The present invention provides a DCCD loading device comprising: a shaft that extends from a tip end to a handle; a wire frame in contact with the tip end, wherein the wire frame comprises a plethora of wire loops extending away from the tip; and a film in contact with the tip end and extending over at least a portion of the wire frame. The shaft comprises a shaft diameter of between about 0.25 and 1.0 inches. The film comprises one or more polymers. The tip end comprises a rounded tip. The plethora of wire loops comprises memory metal. The plethora of wire loops comprises nitinol. The plethora of wire loops are attached to the shaft at the tip end. The plethora of wire loops comprises about 12 wire loops, with each of the about 12 loops optionally and at least partially overlapping an adjacent loop. The about twelve wire loops can be 3, 4, 5, 6, 7, 8, 9, 10 11, 15 14, 15, 16 wire loops. The plethora of wire loops may include one or more connections between an adjacent loop.
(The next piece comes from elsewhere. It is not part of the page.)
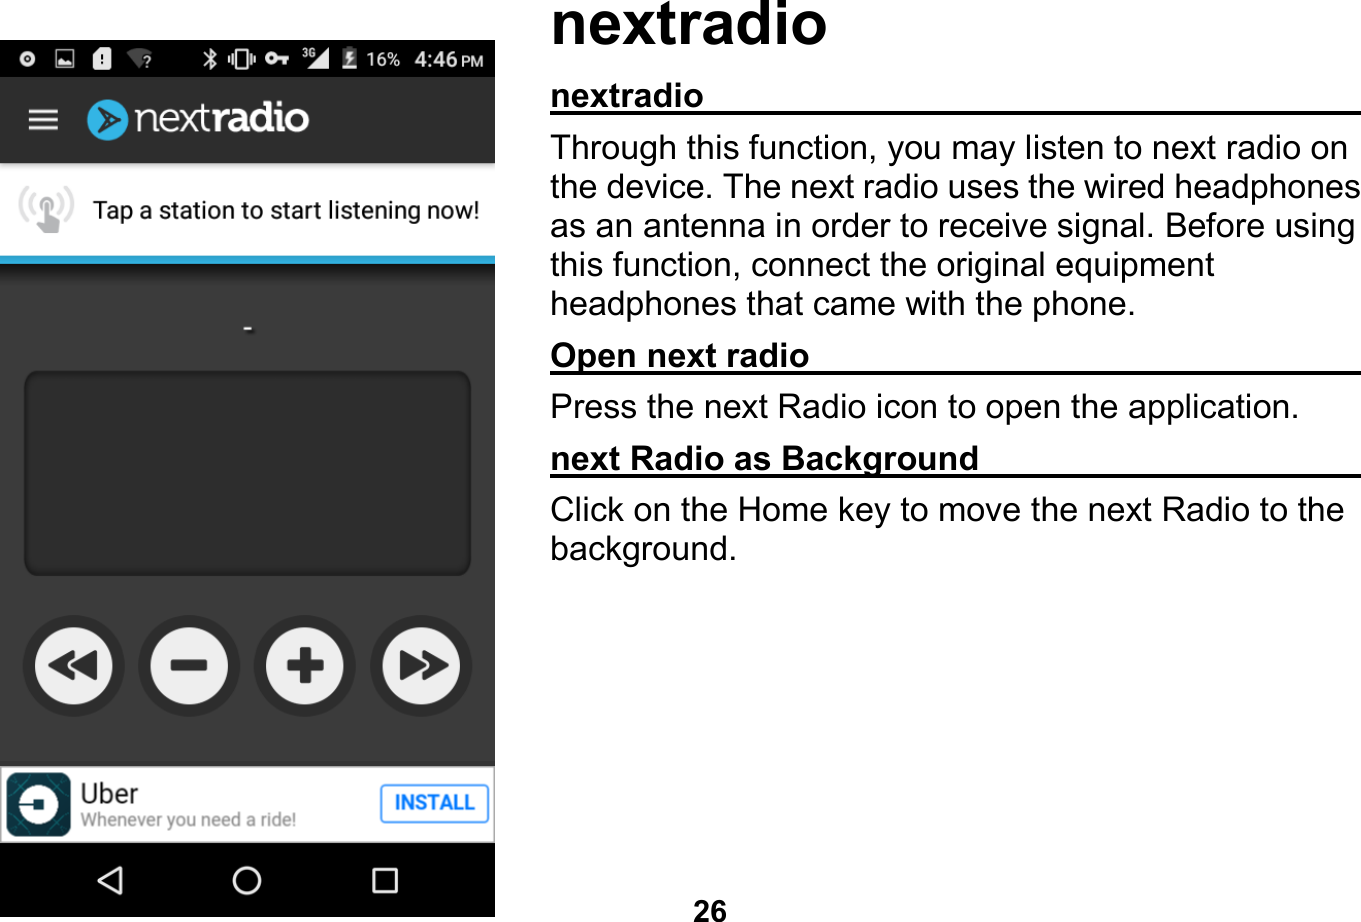   26  nextradio nextradio                                                    Through this function, you may listen to next radio on the device. The next radio uses the wired headphones as an antenna in order to receive signal. Before using this function, connect the original equipment headphones that came with the phone. Open next radio                                              Press the next Radio icon to open the application. next Radio as Background                               Click on the Home key to move the next Radio to the background.   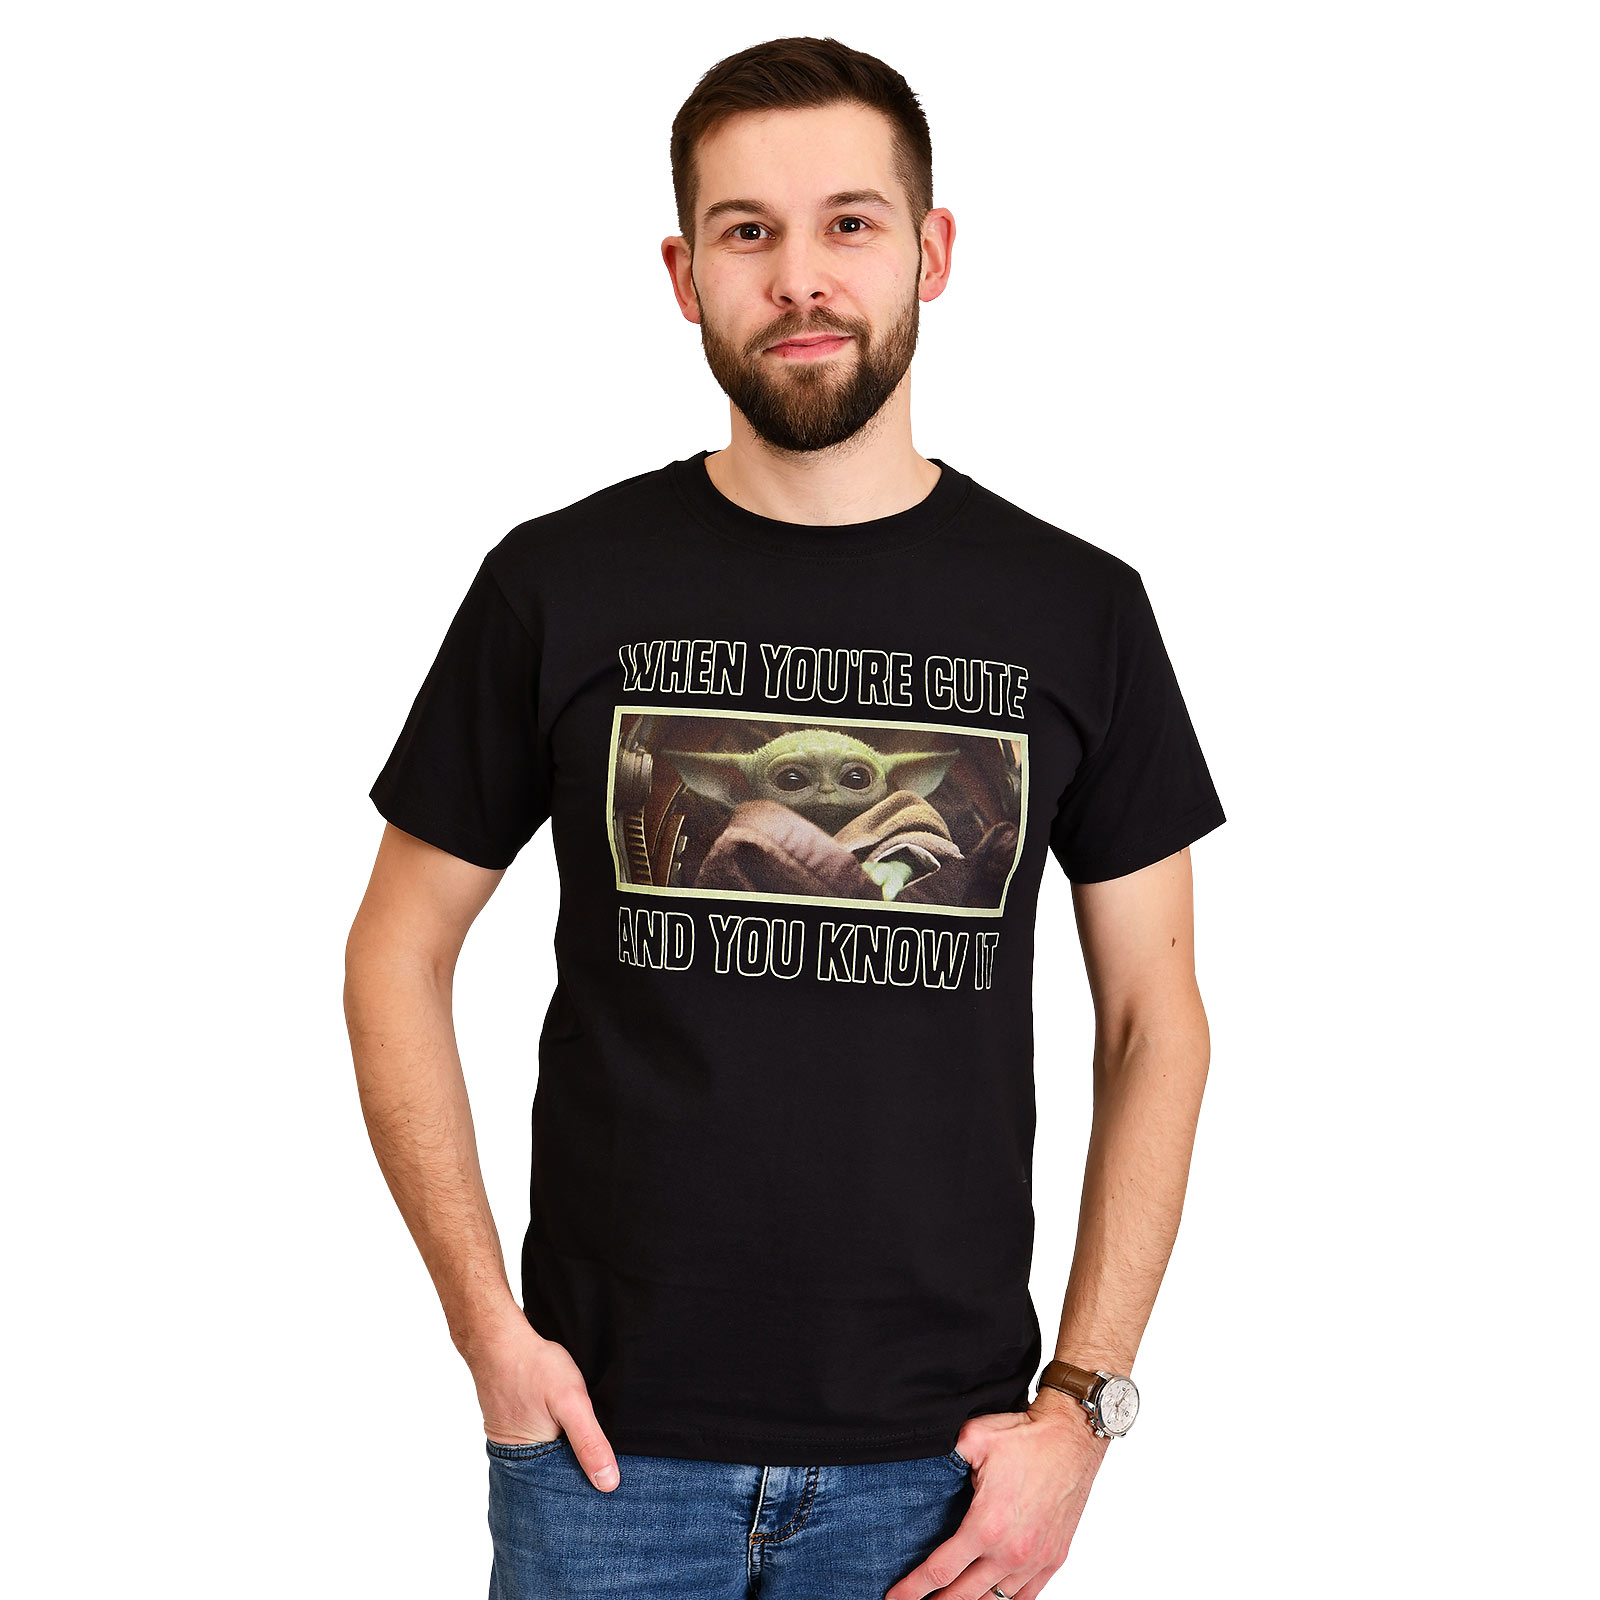 The Child Cute and You Know It T-Shirt - Star Wars The Mandalorian

The present invention provides a method of loading a DCCD into a deployment tube comprising the steps of: providing a DCCD; providing a DCCD loading device comprising: a shaft that extends from a tip end to a handle; a wire frame in contact with the tip end, wherein the wire frame comprises a plethora of wire loops extending away from the tip; and a film in contact with the tip end and extending over at least a portion of the wire frame; providing a deployment tube, wherein the deployment tube is connected to a loading funnel; positioning the DCCD around the film; insert the DCCD into the funnel; move the shaft into the funnel such that the DCCD moves into the funnel and compresses the DCCD against the film and compresses the film against the wire frame; insert the DCCD into the deployment tube by inserting the shaft into the deployment tube and compressing the DCCD into the deployment tube and against the film and the wire frame; and removing the DCCD loading tube from the DCCD and the deployment tube. The method further comprises the step of further inserting the DCCD into the deployment tube manually to fully insert the DCCD into the deployment tube. The shaft comprises a shaft diameter of between about .25 and 1.0 inches. The film comprises one or more polymers. The tip end comprises a rounded tip. The plethora of wire loops comprises memory metal. The plethora of wire loops are attached to the shaft at the tip end. The plethora of wire loops comprises 12 wire loops with each of the 12 loops at least partially overlapping an adjacent loop. The method further comprises the step of sealing the deployment tube.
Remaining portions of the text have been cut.